Mieszkańcy stolicy całymi rodzinami poszli po południu oddać głos
W niedzielę po południu przed komisjami wyborczymi w Warszawie można było spotkać mieszkańców, którzy z całymi rodzinami wybrali się na wybory. Wszyscy mieli na twarzach maseczki, niektórzy także rękawiczki.
Przed przedszkolem nr 267 przy ul. Małcużyńskiego, gdzie mieści się jedna z ursynowskich komisji wyborczych, po południu była mała kolejka. Ludzie starali się utrzymać między sobą niezbędny dystans, wszyscy mieli na twarzach maski ochronne. Przed wejściem stało dwóch pracowników komisji, którzy pytali o adres i kierowali do odpowiedniej sali. Przy wejściu należało zdezynfekować dokładnie ręce. Niektórzy z wchodzących zakładali gumowe rękawiczki.
W salach, w których odbywało się głosowanie, ludzie ustawiali się w kolejkach do rejestracji. W jednej z klas rozdzielono czekających na otrzymanie karty wyborczej na trzy kolejki - zgodnie z ich adresem zamieszkania. Następnie podawało się przed komisją swój adres zamieszkania i okazywało dowód. Większość oczekujących miała przygotowane własne długopisy ze względów bezpieczeństwa.

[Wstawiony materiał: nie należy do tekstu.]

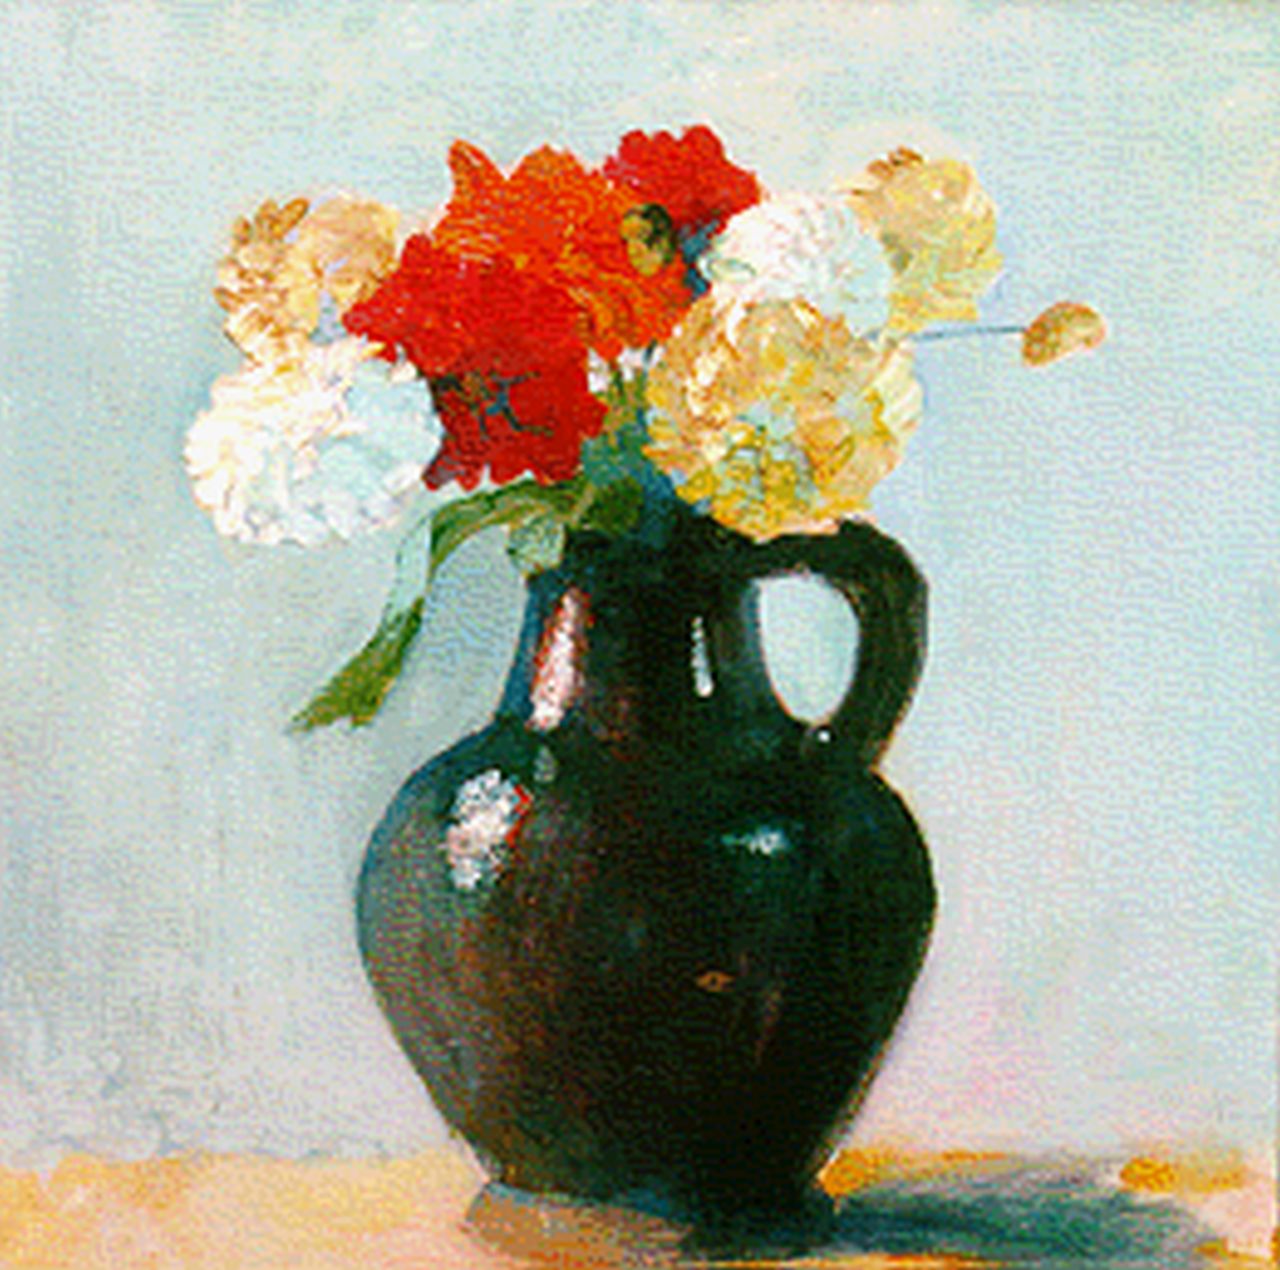 Hogerwaard G.  | Georges 'George' Hogerwaard, A flower still life, oil on canvas 65.0 x 60.0 cm, signed l.r.

Następnie wyborcy podchodzili do stanowisk, gdzie za osłoną gwarantującą tajność, oddawali swój głos.
W przypadku jednej z osób okazało się, że zaszła pomyłka w adresie, na który została ona zapisana - sytuację jednak szybko rozwiązano i odnotowano w uwagach obok nazwiska wyborcy.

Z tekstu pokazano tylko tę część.